Figure 3. Temporal regulation of Rac1 signaling regulates behavioral responses to cocaine.

Figure 3

(a) Optical stimulation of Rac1 activity (by use of Rac1-pa) increased the phosphorylation state of cofilin (p-cofilin) (F2,13=8.72, ***p<0.005; n=4 mice) while light stimulation of the light insensitive mutant did not alter p-cofilin levels (p>0.05) compared to HSV-GFP controls (n=5 mice per group). Full-length blots are presented in Supplementary Fig. 3. (b) Such optical stimulation of Rac1 during cocaine pairing [Rac1-pa (S)] also prevented the formation of a conditioned place preference (n=8 mice) (F5,43=2.66, **p<0.01). This blockade required light activation of Rac1, since expression and stimulation of the light insensitive C450A mutant (n=7 mice) or HSV-GFP (n=7 mice) led to the formation of equivalent cocaine preferences as unstimulated (US) control mice (n=8 mice). (c) Light activation of the Rac1-pa construct blocked cocaine-induced increases in locomotion (n=7–8 mice per group) (F4,45=2.43, **p<0.01), (d) but had no effect on locomotor responses to saline (n=7–8 mice per group). (e) A representative infected NAc medium spiny neuron, imaged at 40X, infected with HSV-Rac1-pa. (f) Anatomical placement of viral infection in NAc after HSV injection. (g) A representative infected NAc medium spiny neuron, imaged at 40X, infected with HSV-Rac1-pa-C450A mutant. Rectangular boxes in f and g highlight areas used for dendritic spine analysis. Cartoon shows the location of the injection site at 1.77 mm from Bregma. Data were analyzed by ANOVA and represented as mean ± s.e.m.

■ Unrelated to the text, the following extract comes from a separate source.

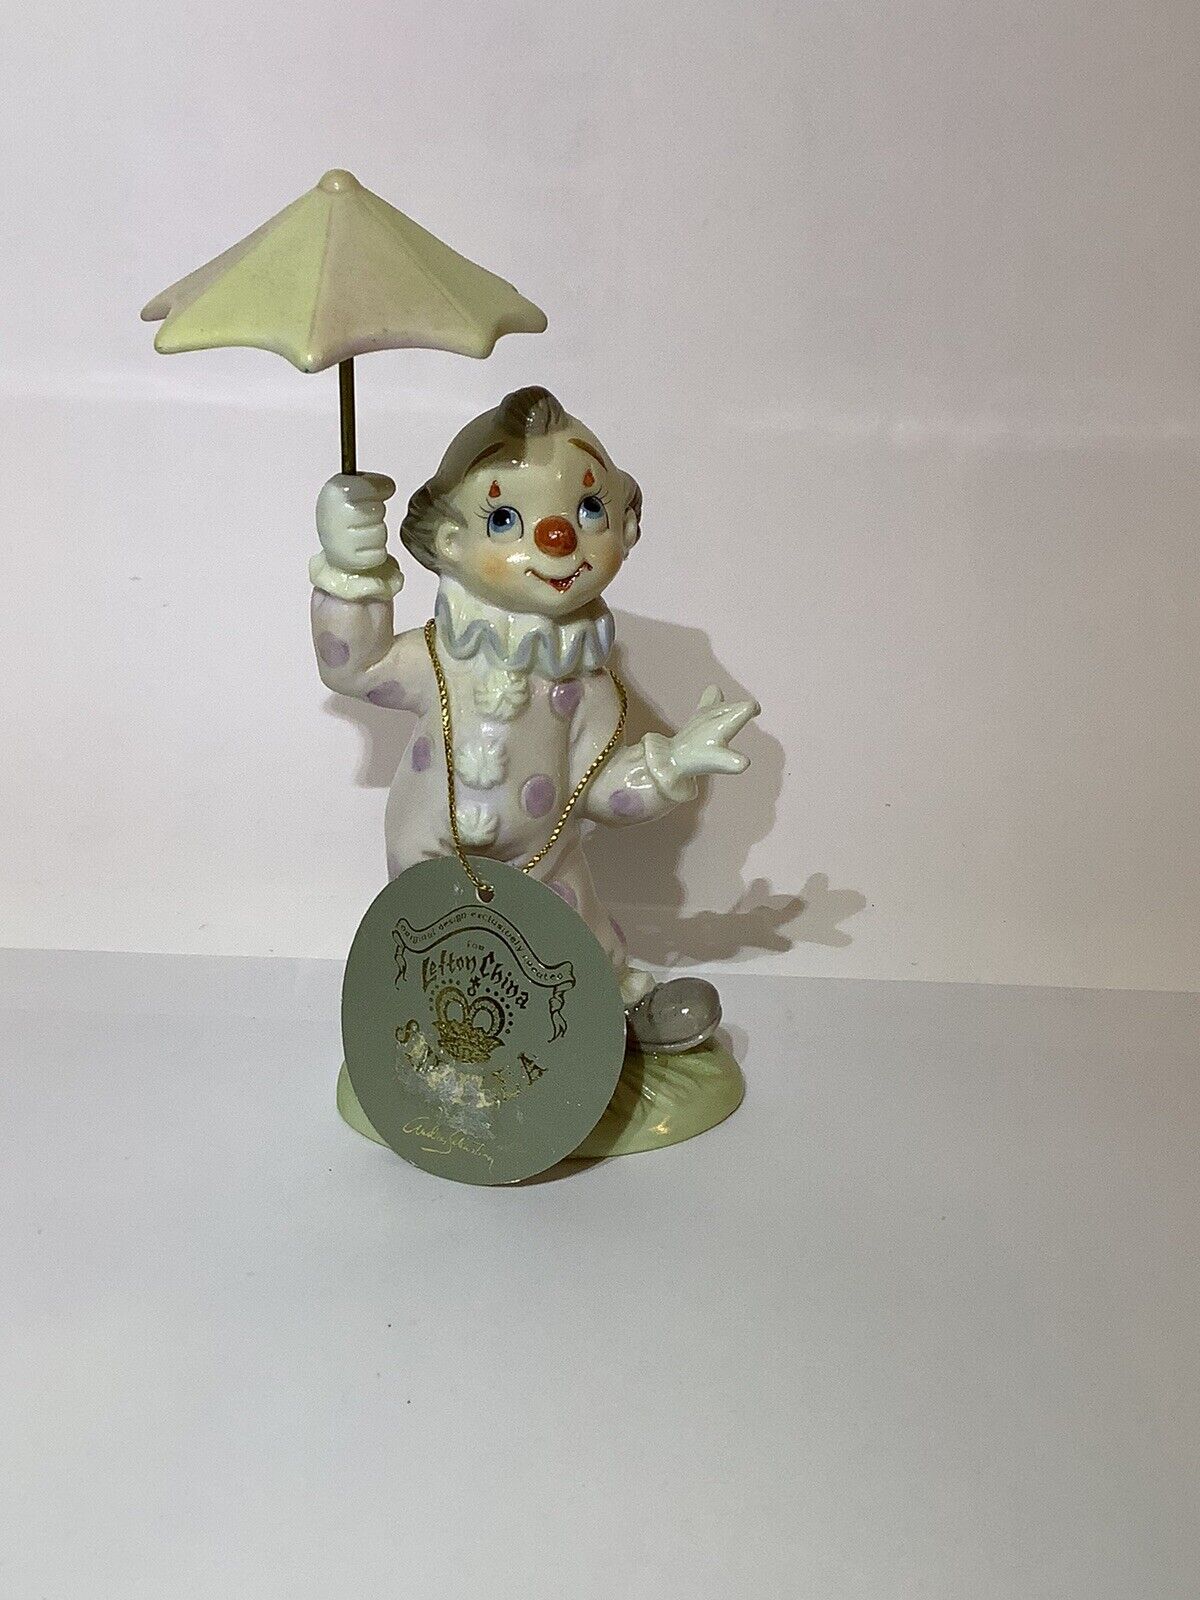 Vintage 1986 Lefton China Clown With Umbrella
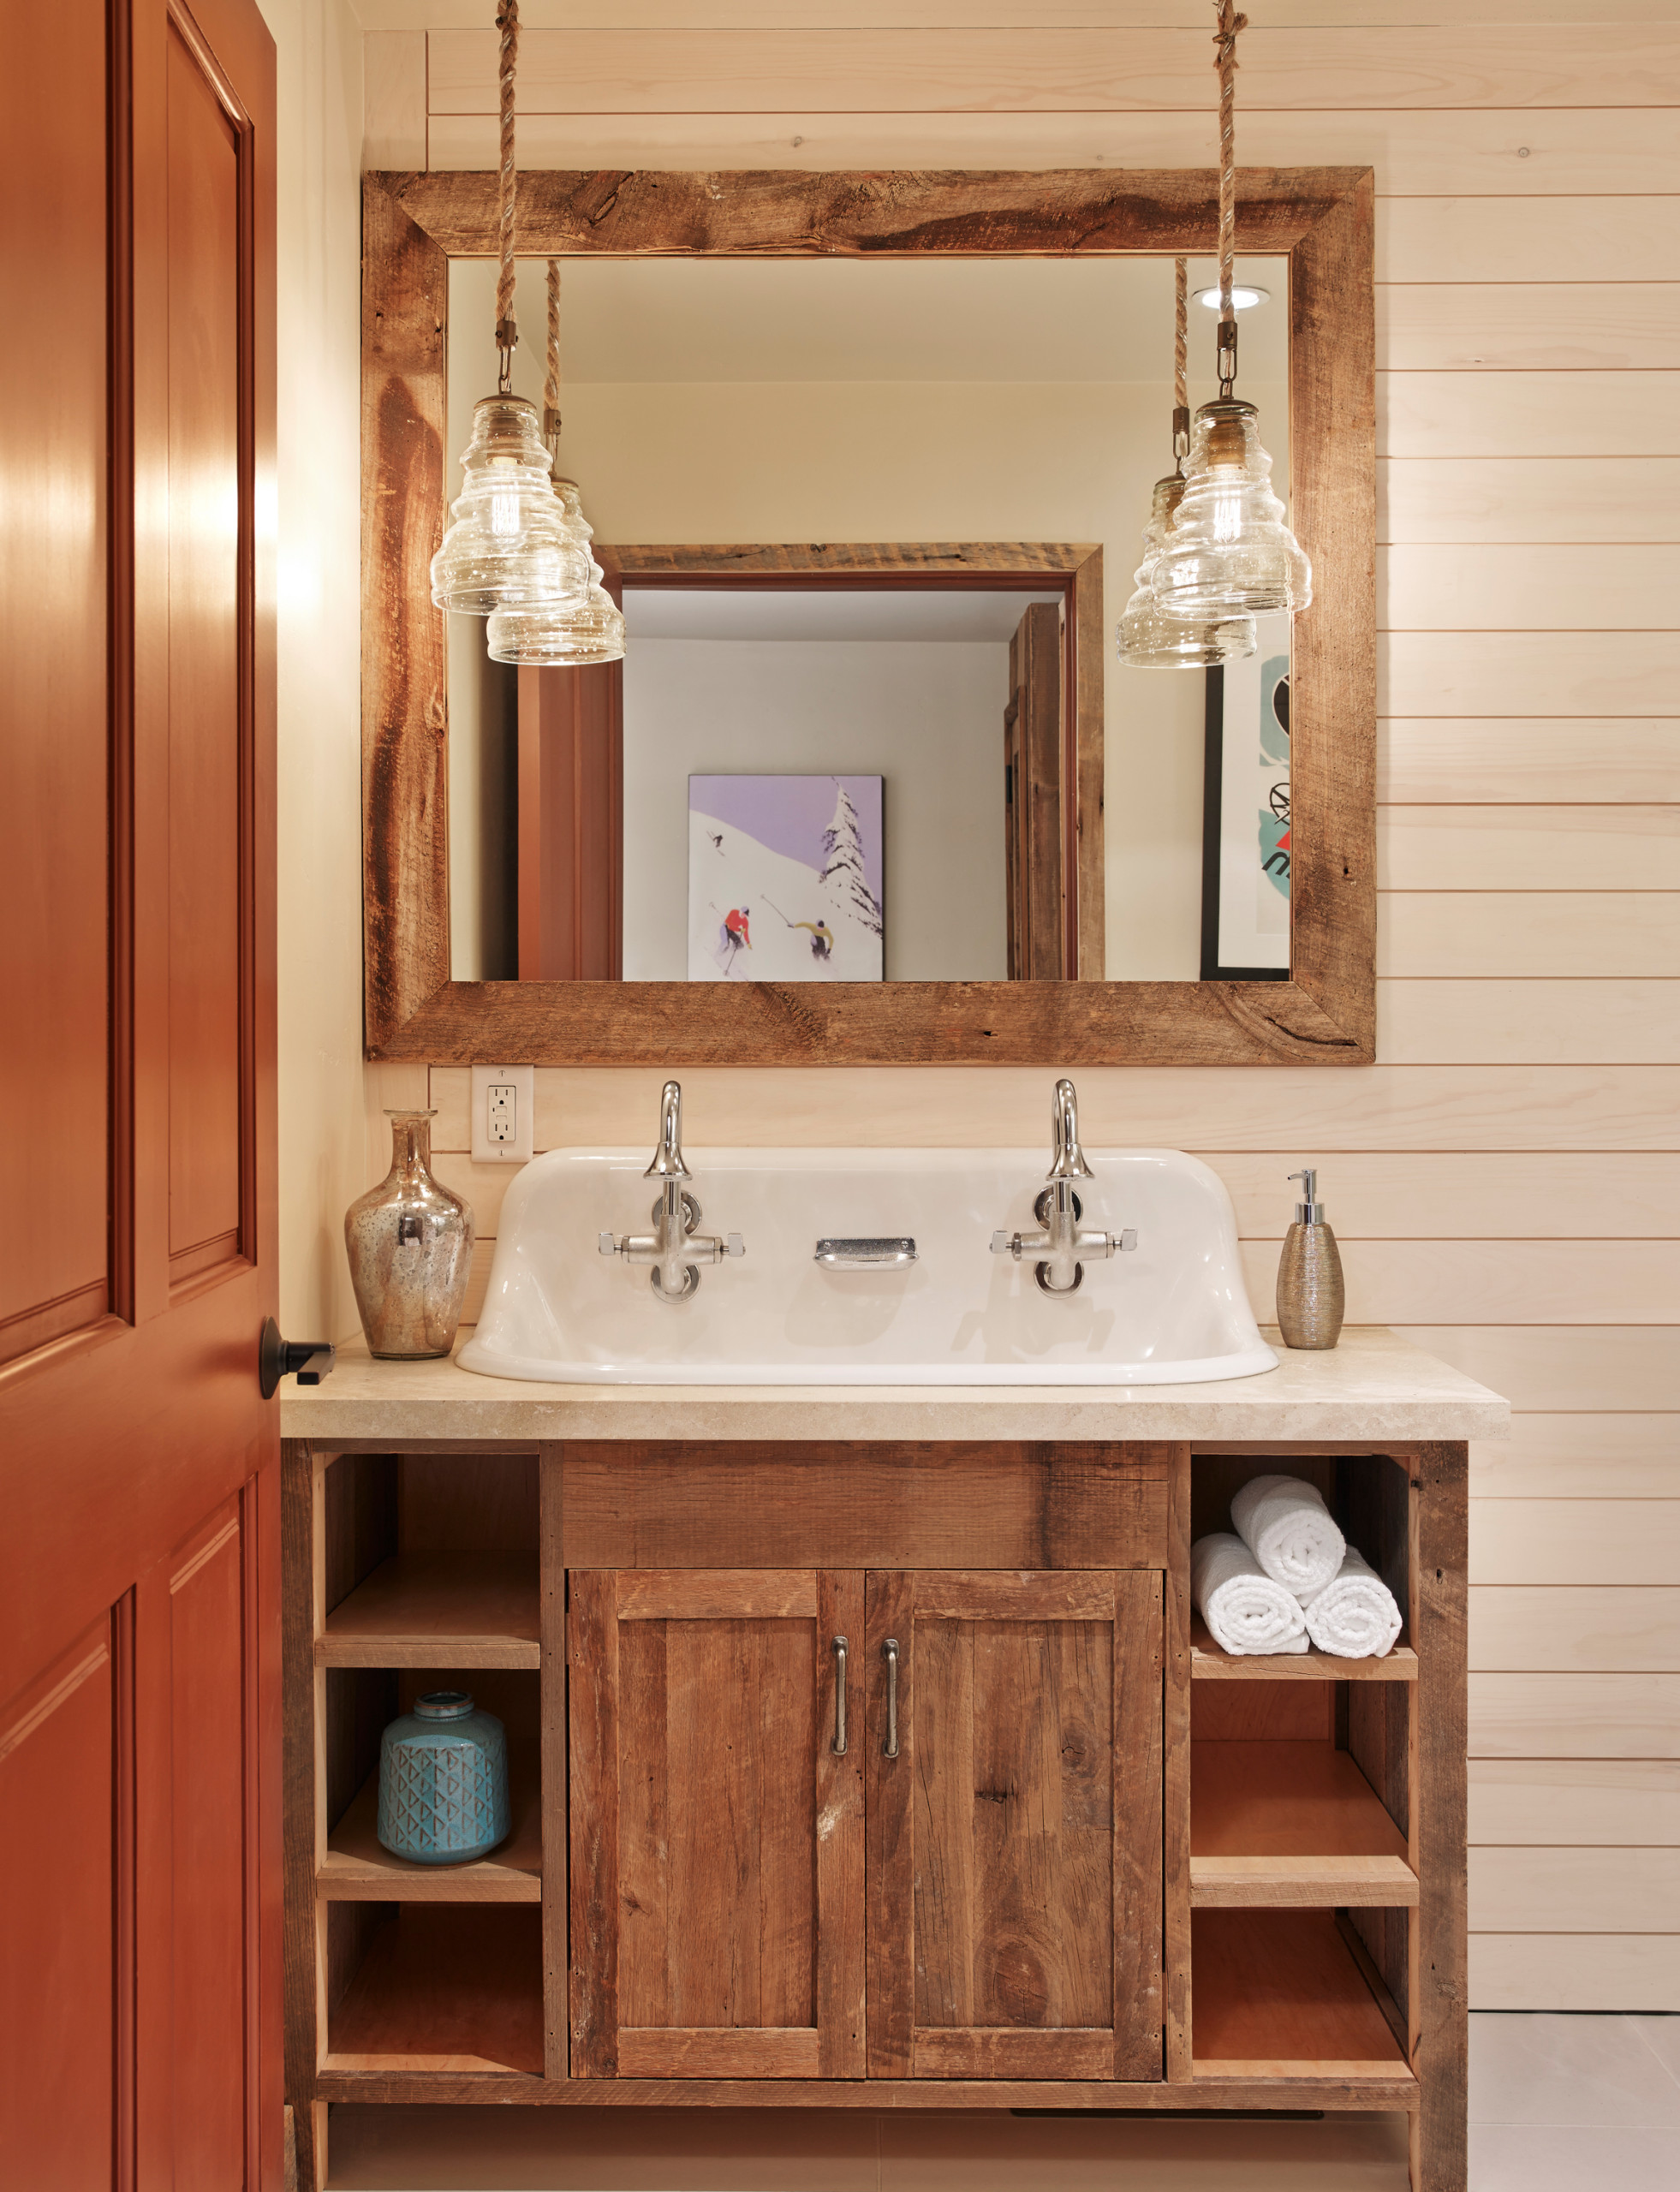 Rustic Mountain Cabin Bathroom Ideas Houzz

Rac1 signaling regulates spine density and type on NAc neurons

To directly examine the functional consequences of decreased Rac1 activity on spine morphology of NAc medium spiny neurons, we bilaterally injected HSV-Rac1-ca, HSV-Rac1-dn, or HSV-cofilin-ca, and compared results to injection of the HSV-dsRed control vector. Animals receiving these virus injections were then treated with repeated cocaine or saline. We found that, using this paradigm, repeated cocaine increased the number of dendritic spines on NAc medium spiny neurons compared to saline-treated mice, and that this increase was blocked completely by Rac1-ca, which had no effect on spine density under basal conditions. In contrast, overexpression of Rac1-dn induced an increase in spine density in saline-treated mice comparable to that observed in the HSV-dsRed cocaine group (Fig. 4a–i). The cocaine-induced increase in spine density in the HSV-dsRed cocaine group, compared to the HSV-dsRed saline group, was largely driven by an increase in thin spines (Fig. 4j), and this increase was mimicked by Rac1-dn overexpression, and blocked by Rac1-ca overexpression. In agreement with our Rac1-dn data, overexpression of HSV-cofilin-ca tended to increase total spine density under saline and cocaine conditions (Fig. 4i), which was significant when we looked specifically at the number of thin spines (Fig. 4j). In contrast, there was no significant effect of repeated cocaine on the density of more consolidated spines (i.e., stubby and mushroom) at the time point examined; however, we observed that Rac1-ca, but not Rac1-dn or cofilin-ca, by itself reduced the number of such spines (Fig. 4k–l).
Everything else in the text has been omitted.